Output exactly, and only, the lines below from the one with "Peaceful cat therapy" down to the one with "A small white-browed". Include both end lines and no pictures.

### Data records
....
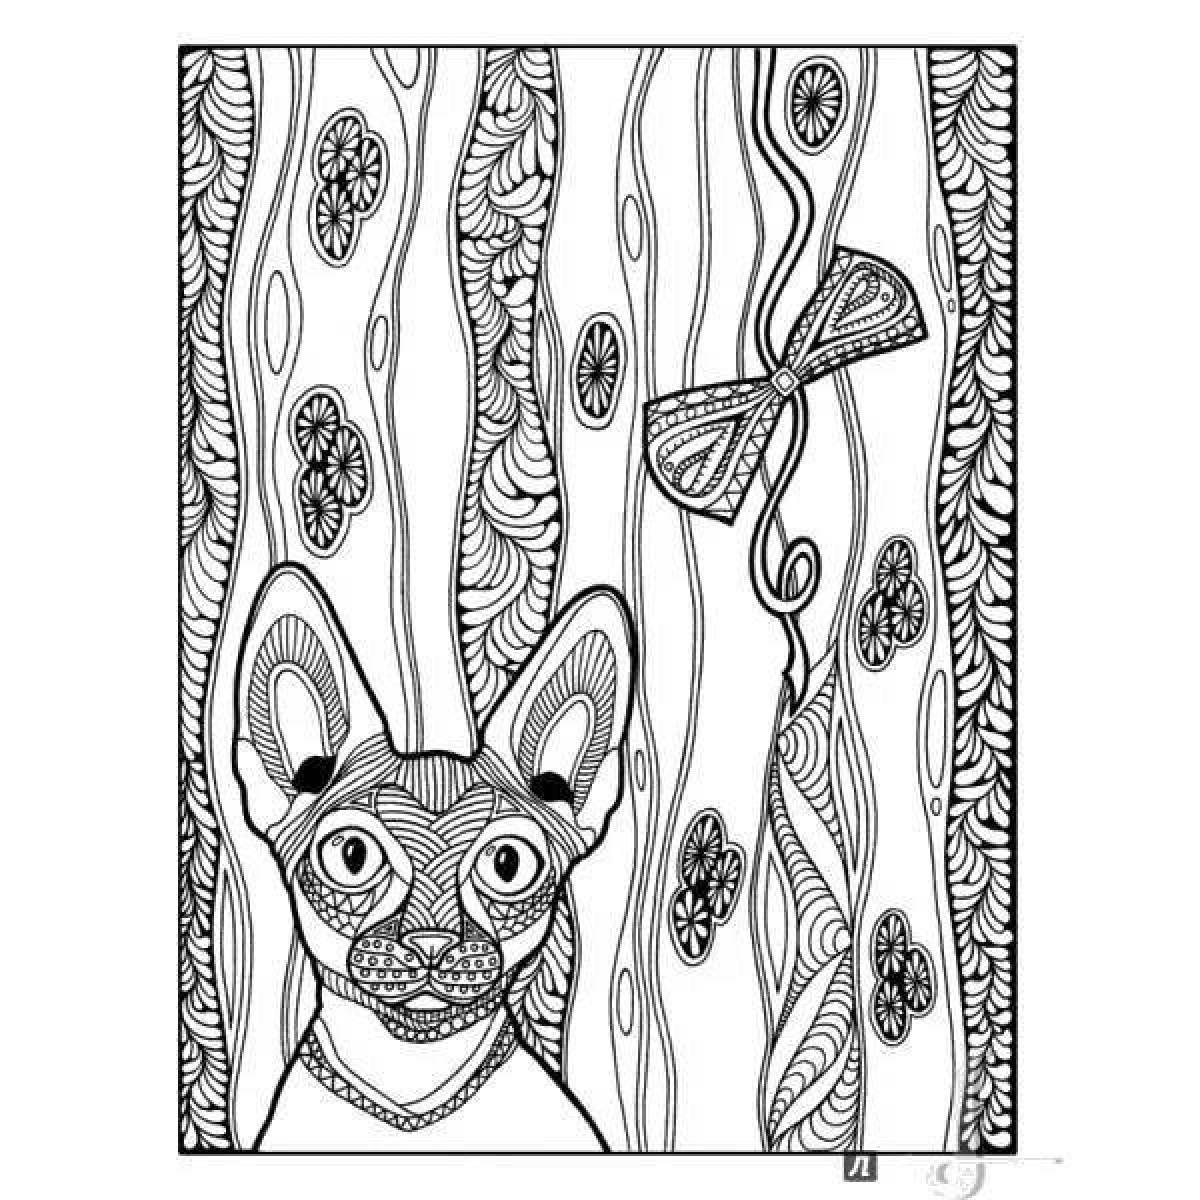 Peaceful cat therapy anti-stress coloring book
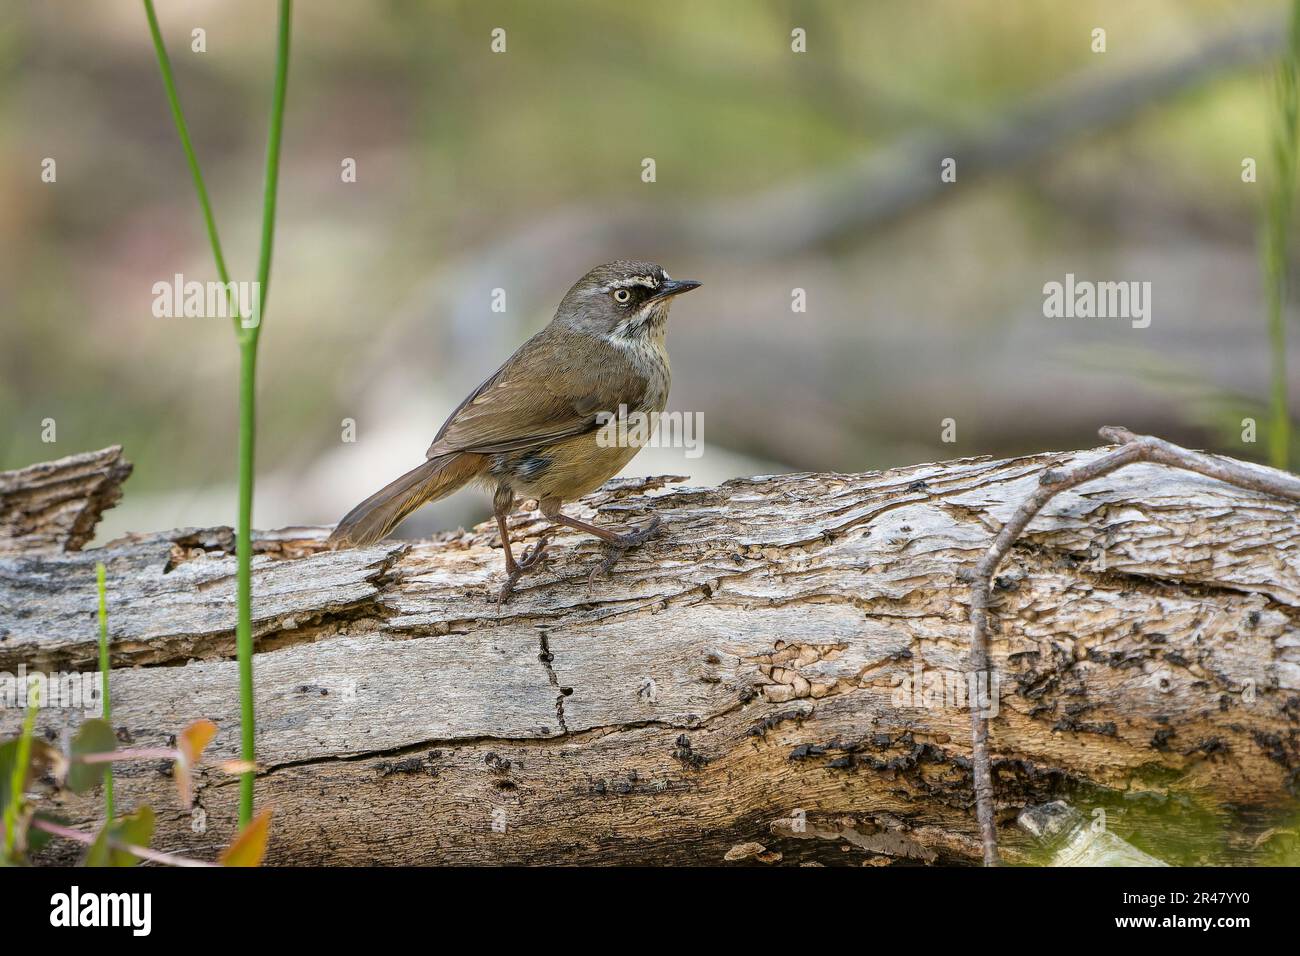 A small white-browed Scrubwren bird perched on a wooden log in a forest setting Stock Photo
....
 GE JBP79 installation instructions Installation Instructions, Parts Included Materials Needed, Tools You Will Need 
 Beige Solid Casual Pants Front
....
### Output of the task
 Peaceful cat therapy anti-stress coloring book
 A small white-browed Scrubwren bird perched on a wooden log in a forest setting Stock Photo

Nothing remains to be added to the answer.